Chapitre LXXXVIII
Car, comme je l’ai dit, le don le plus grand qu’Antoine avait reçu de Dieu en récompense de sa vie si austère qu’il passait à son service, a été le discernement des esprits. Il connaissait tous les mouvements des démons, tous leurs desseins et toutes leurs attaques. Et non seulement il ne se laissait pas tromper par eux, mais il consolait par ses discours tous ceux qui en étaient tourmentés et il leur enseignait comment les surmonter leurs efforts et rendre leurs embûches inutiles, en faisant connaître leur faiblesse et leurs tromperies.
Ainsi chacun, en se séparant de lui, se sentait fortifié, comme par une huile céleste, si bien qu’il ne craignait plus les assauts du diable ni de ses démons.
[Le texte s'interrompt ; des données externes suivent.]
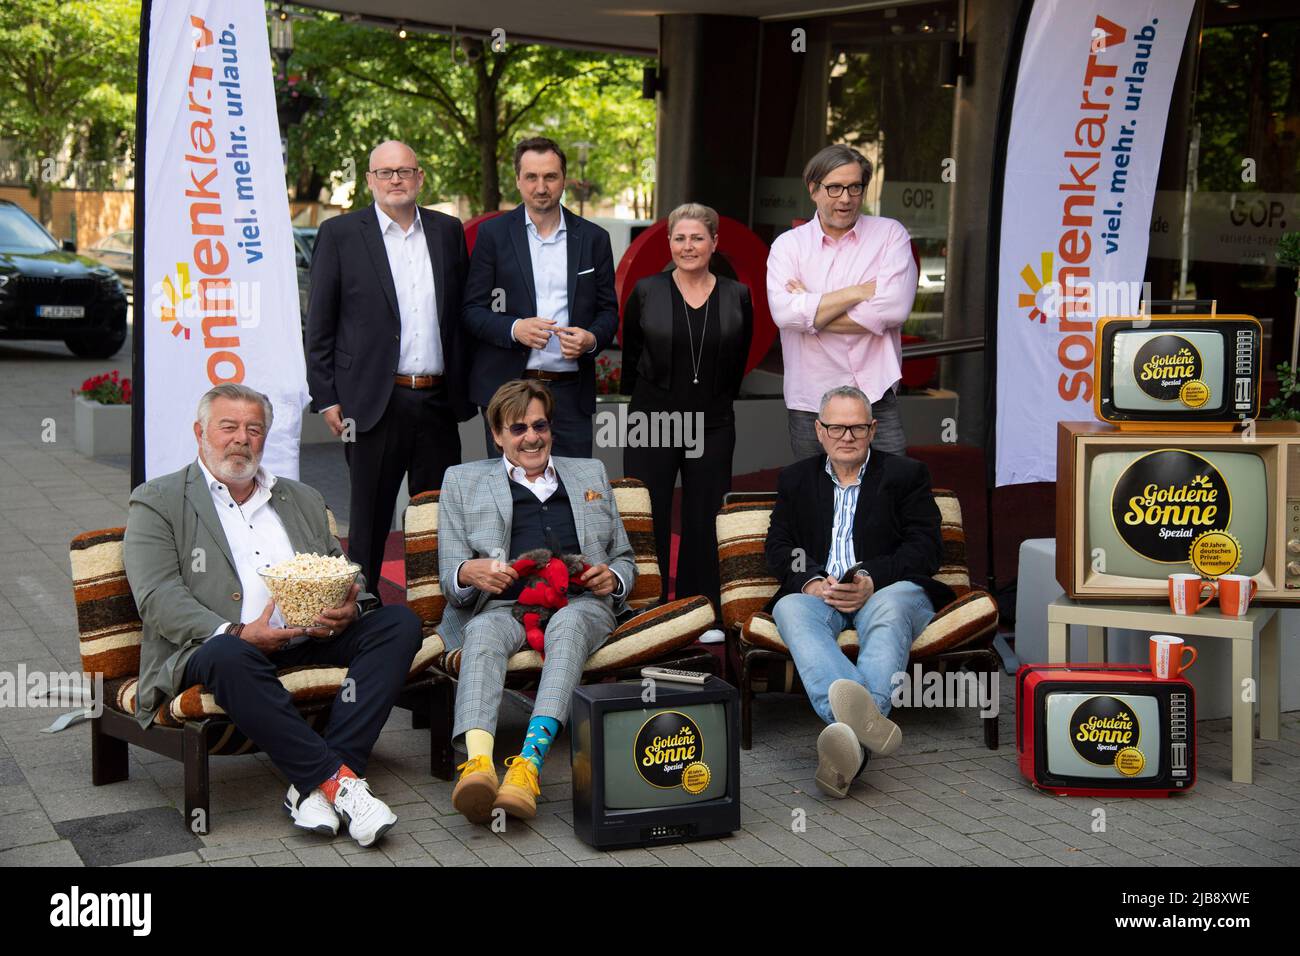 back from left: Andreas LAMBECK, managing director of sonnenklar.tv, Richard ROEHRHOFF, Rohrhoff, managing director of EMG Essen Marketing Gesellschaft, Nadine STOECKMANN, Stockmann, director of GOP Variete Essen, Ruediger KONETSCHNY, musician, the radio band show act, front from left: Harry WIJNVOORD, moderator, Joerg DRAEGER, Jorg Drager, moderator, Ulrich Ulli POTOFSKI, moderator, press conference to present the gala on the occasion of 40 years of private television with the award ceremony Die Goldene Sonne, in the GOP Variete in Essen, 03.06.2022 Stock Photo

Combien de vierges promises en mariage, simplement parce qu’elles avaient vu Antoine, ont pas consacré leur virginité à Jésus-Christ ? Plusieurs, venues le voir de provinces éloignées, ne sont-elles pas reparties, comme les autres, avec beaucoup de consolation et de profit ? Et tous, généralement, se dirent orphelins après sa mort, comme s’il avait été leur père commun. Ils n’avaient d’autre consolation que de se souvenir de lui et de penser aux instructions qu’il leur avait données et aux exhortations qu’il leur avait faites.